Villa Paus (Pausvillaen) is a listed villa in Oslo, Norway. It is located at Christian Benneches vei 6 in Bygdøy.

==History==
The villa was built in 1907 for the iron and steel industrialist Ole Paus (1846-1931), a member of the Paus family, founder of the steel company Ole Paus and chairman of the commercial bank Den norske Creditbank (now DNB ASA). It combines Neo-Baroque and Art Nouveau influences. The property comprises about 1200 square meters, including ten main rooms, rooms for servants and a big hall, and originally had around 7 decare park and 80 metres shoreline. In the 1970s five new villas were built on parts of the park which were partitioned off.

During the German occupation of Norway during World War II, the villa was used as the summer residence of Josef Terboven (1898-1945), German Civilian Administrator of Norway.

From 1953 it was owned by the barrister Mathias Dahl-Hansen and his family.
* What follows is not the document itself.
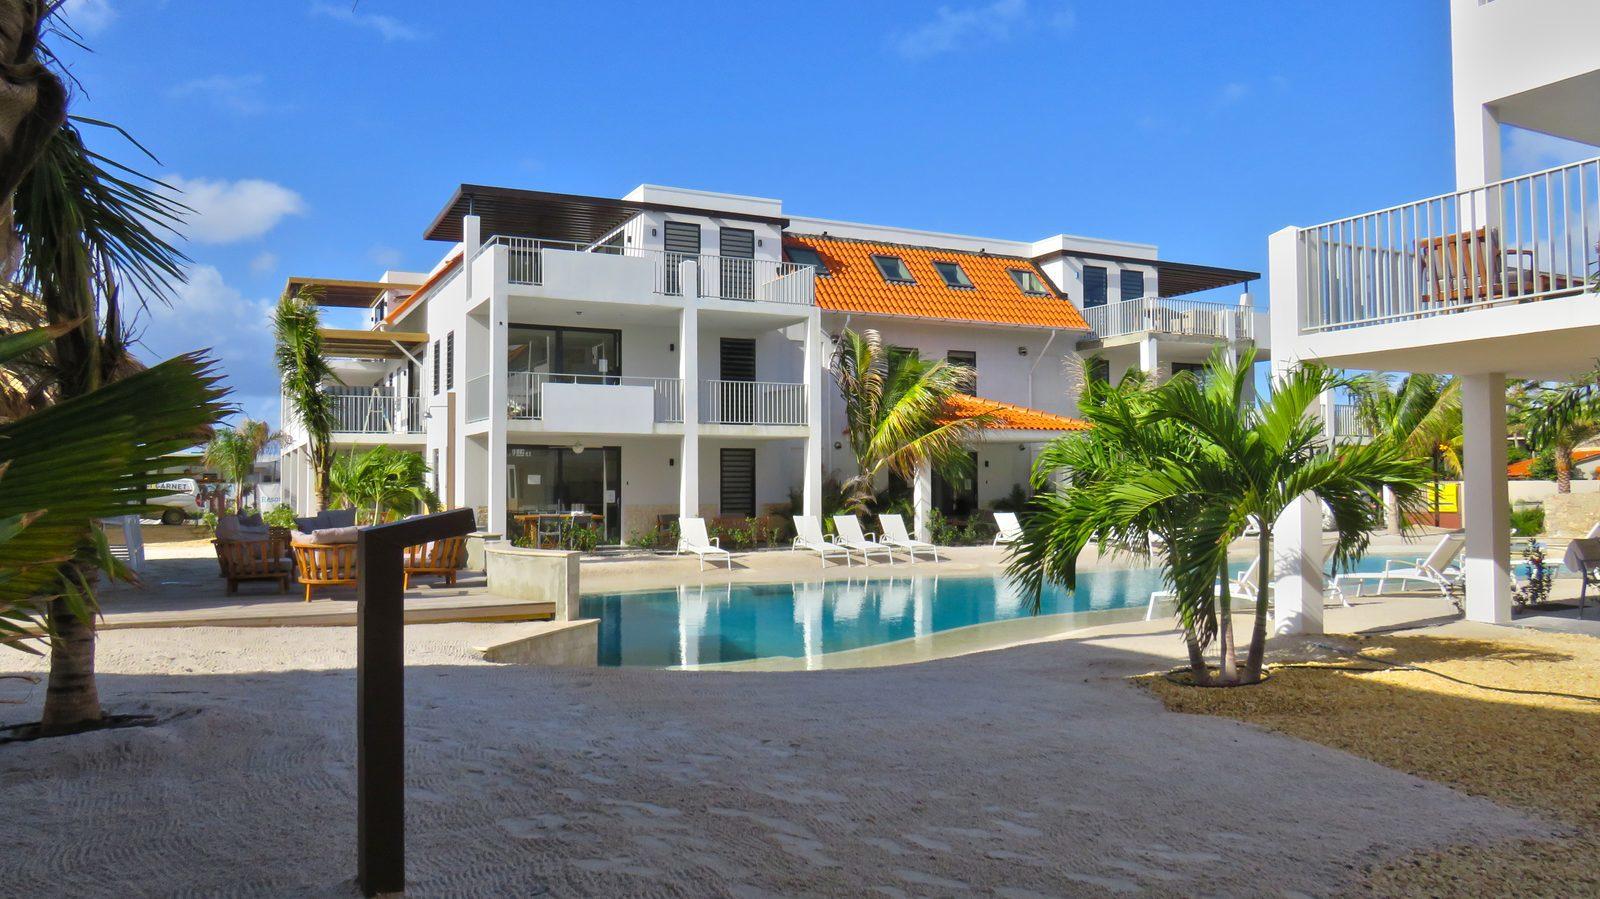 Alquileres de vacaciones en Bonaire
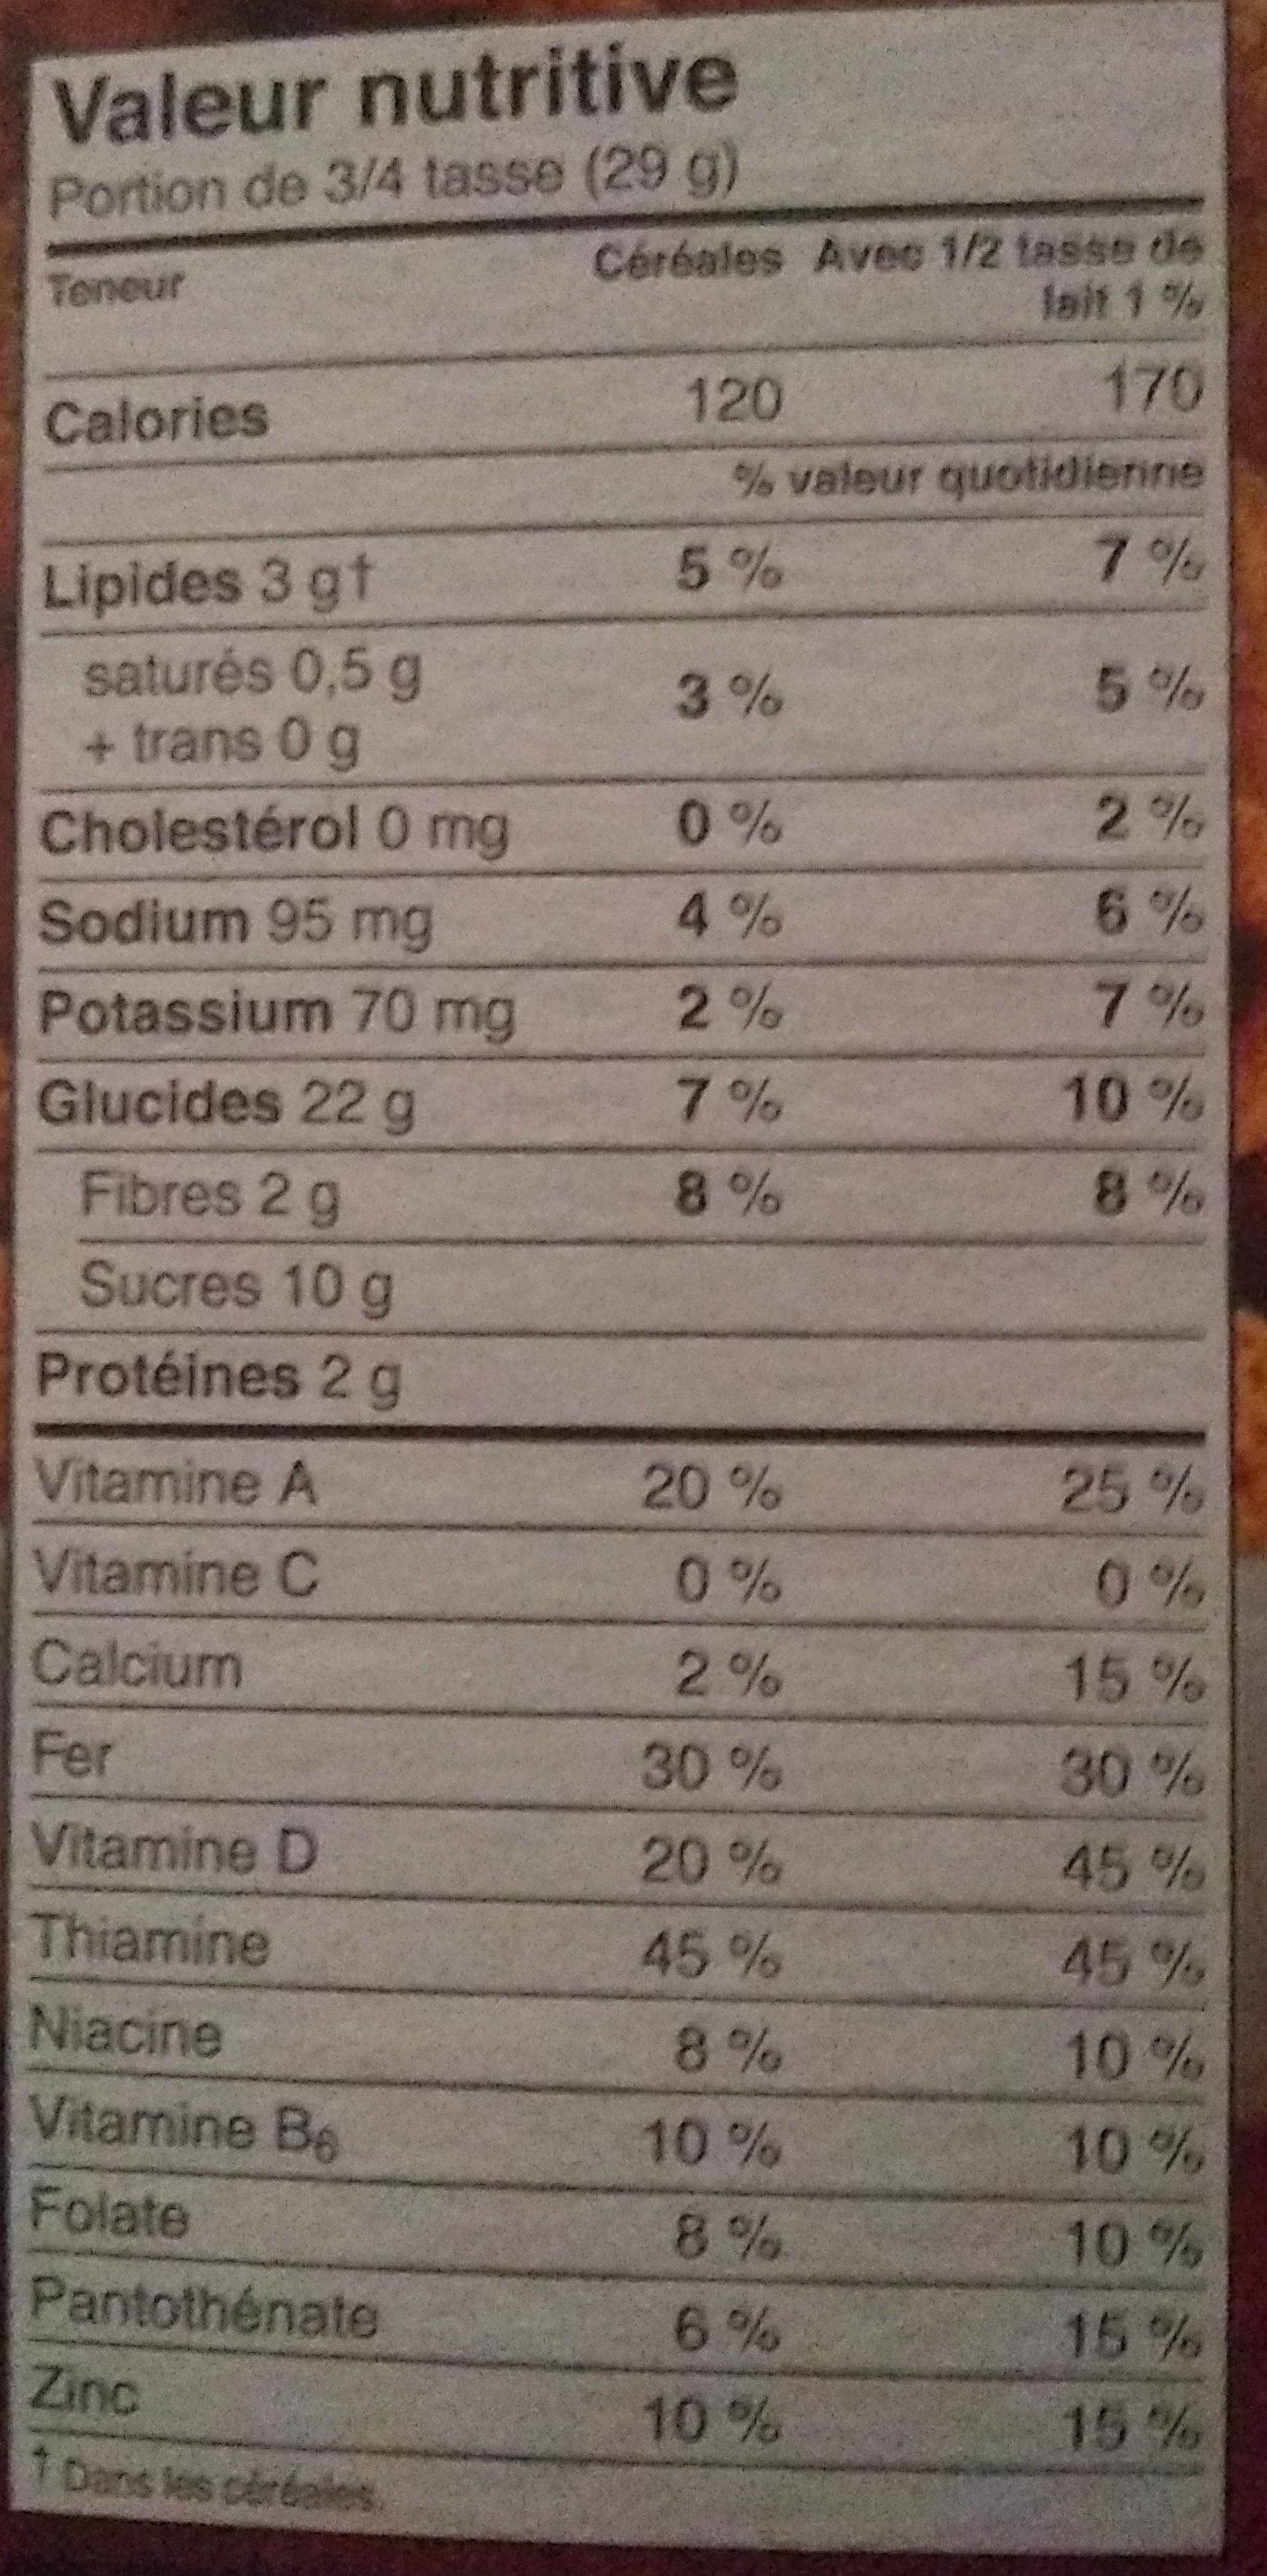 Krave Céréale Chocolat Familial - Informations nutritionnelles - fr

In 1997, the villa was sold to the billionaire Petter Stordalen, one of Norway's richest men. In 1999 Finansavisen described the villa as Norway's most expensive residence and in 2016 the business magazine Kapital estimated the villa to be worth 150 million kroner (ca. 16 million euro).

In front of the villa there is a three-meter luminous statue of Buddha. The sculpture is called "Sitting Tattoo with Mountains."